Thrift Savings Plan Loans – If you are thinking about taking out a loan here are some items to consider about possible a TSP Loan. TSP loan interest rates, for new loans, can be as low as 2.375%. I don’t think the rates can get much better. However, if you are thinking about taking out a TSP loan, you need to make sure you are exercising and implementing what you have learned about financial literacy.
There are a number of questions you need to ask yourself before you take out a TSP loan even if the rates are as good as they are. Interest rates are down and if you are thinking about getting a loan, making a house purchase or any other major purchase, the low interest rates we are currently enjoying is certainly a huge draw.

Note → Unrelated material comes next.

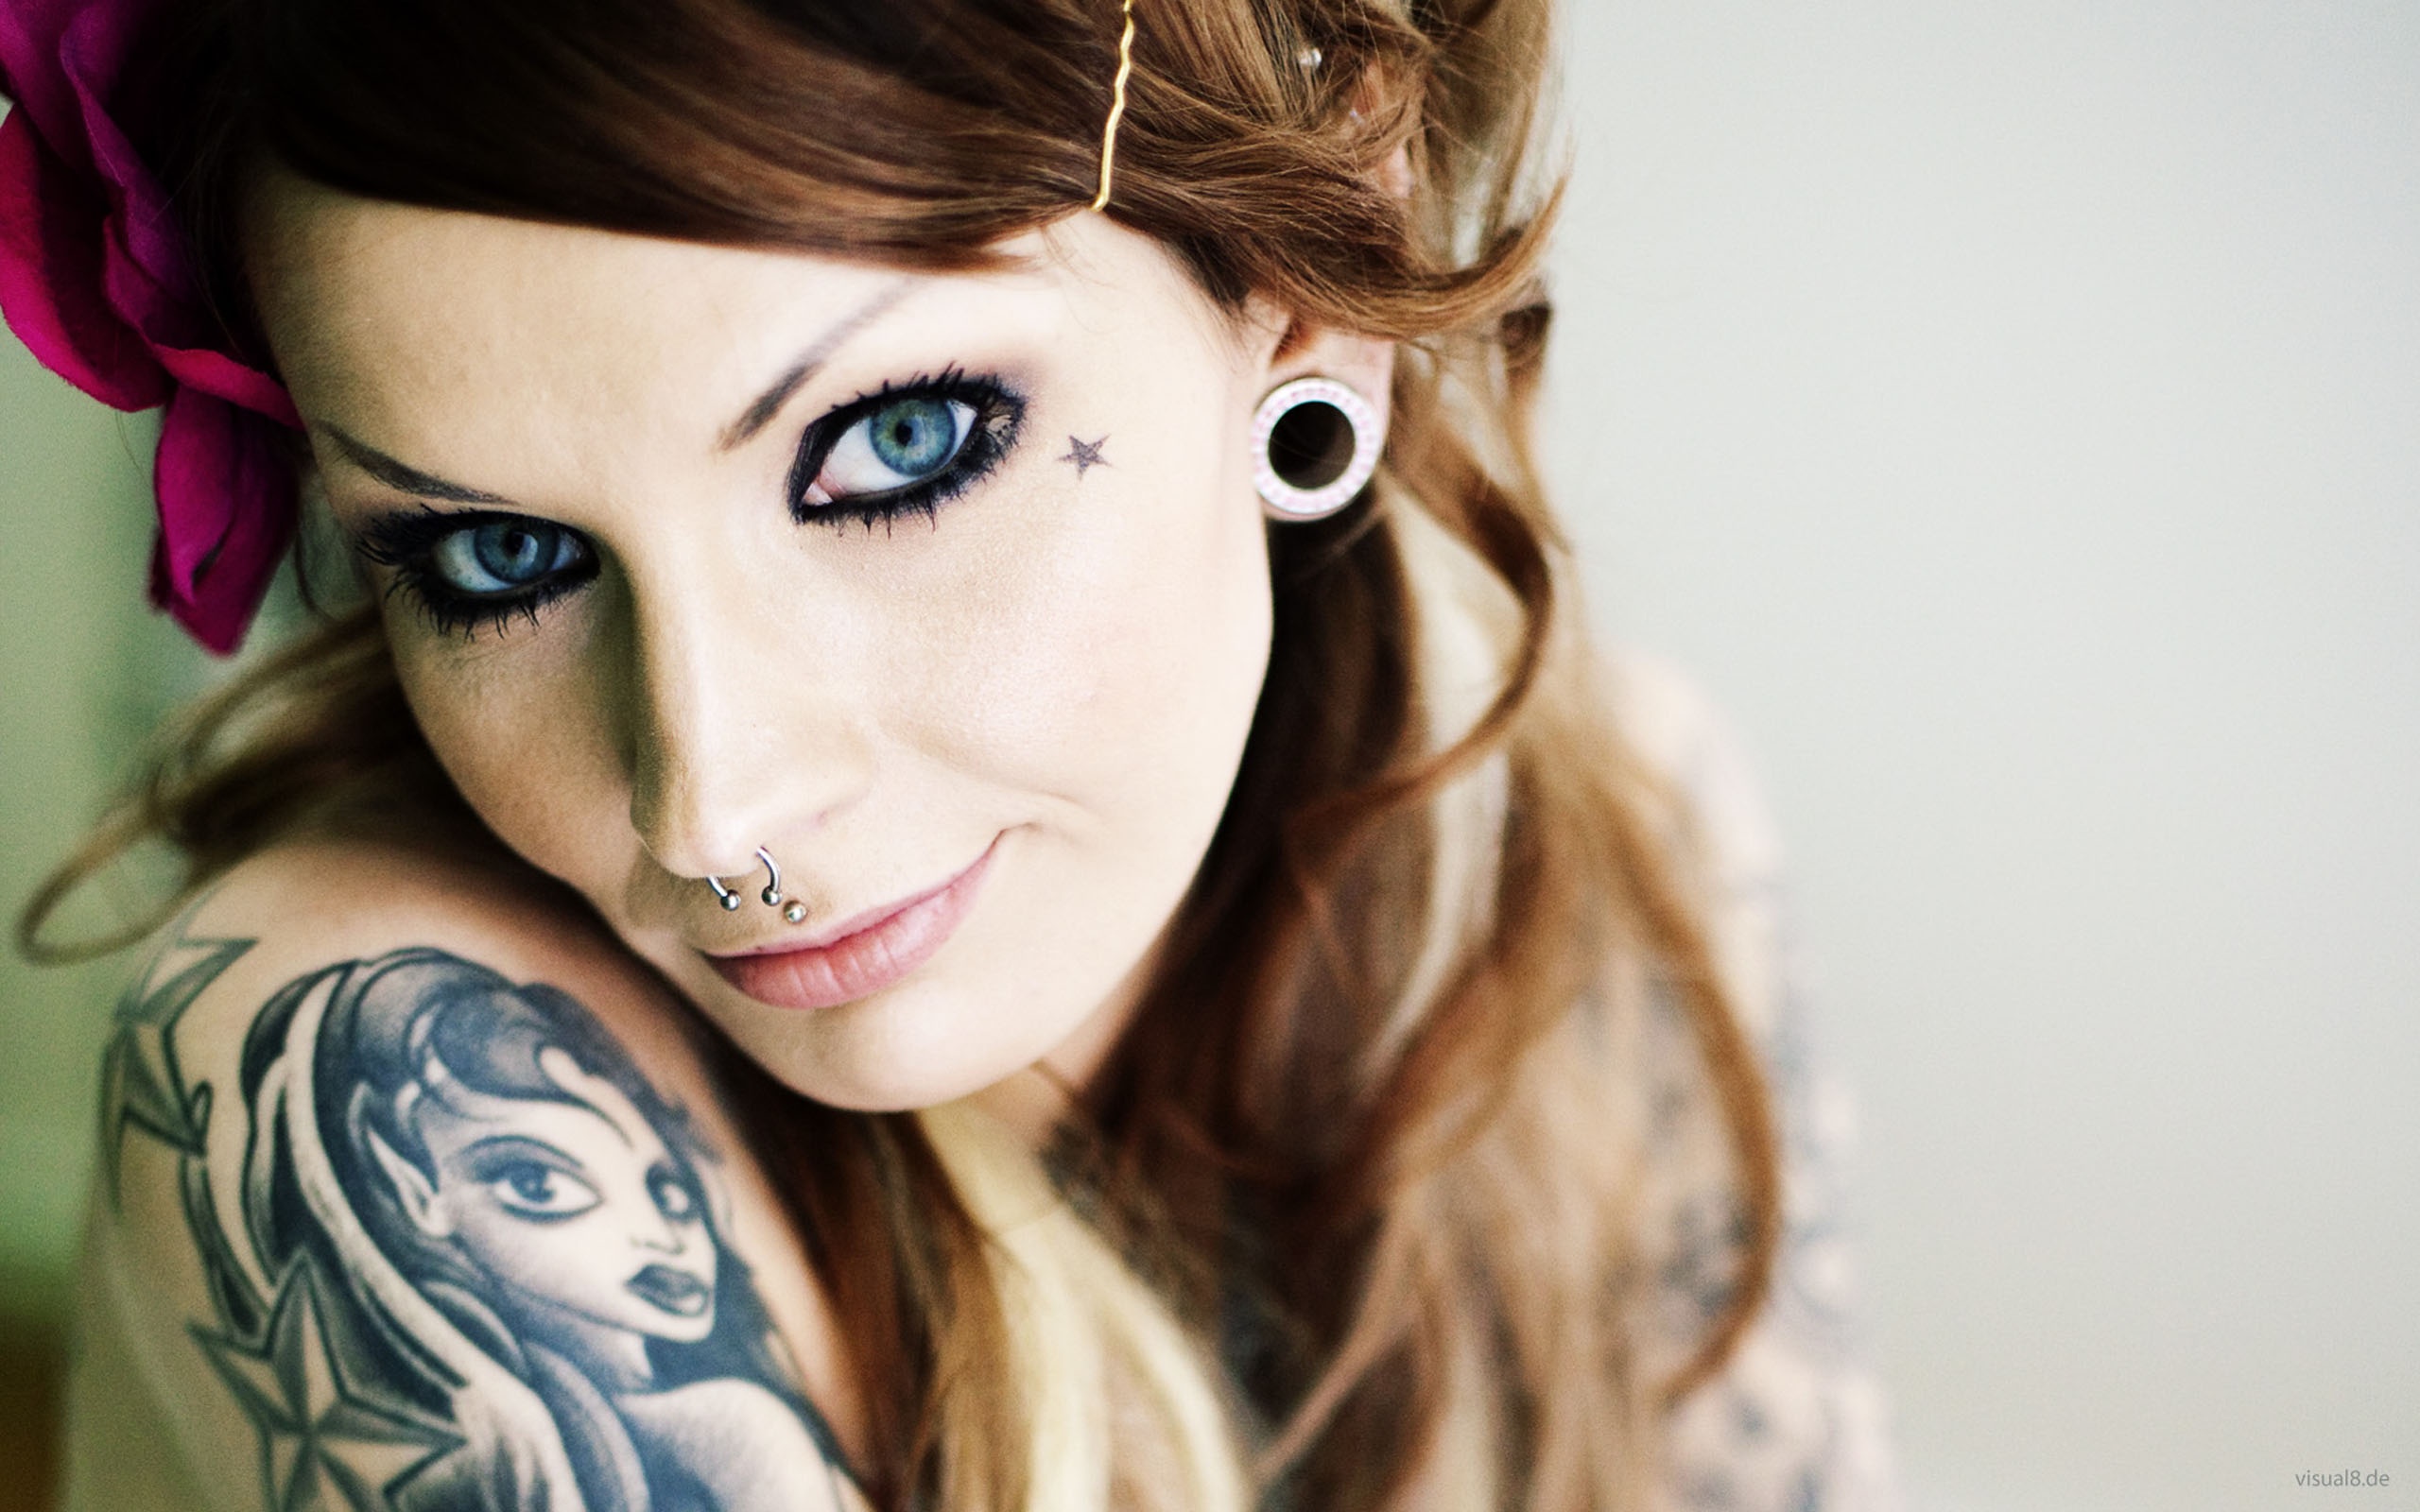 Girls with tattoo summer style smile - | TattooMagz › Tattoo Designs

However, what if you are thinking about retiring soon, is it wise to take out a TSP loan from your TSP account? Consider this. Your TSP is a way to help you save for retirement while realizing matching funds from your agency if you are under the Federal Employees Retirement System (FERS). The TSP acts as a tax deferment for those employees under the Civil Service Retirement System (CSRS), because there are no matching funds from the agency.
If you take money from your TSP even via a TSP loan, you are impacting the value of your TSP account designed to enhance your finances in retirement. Also remember that a TSP loan is a loan and loans must be paid back. Even when opportunities sound good, be sure to evaluate your own individual situation and circumstances to determine what is the best fit for your retirement future.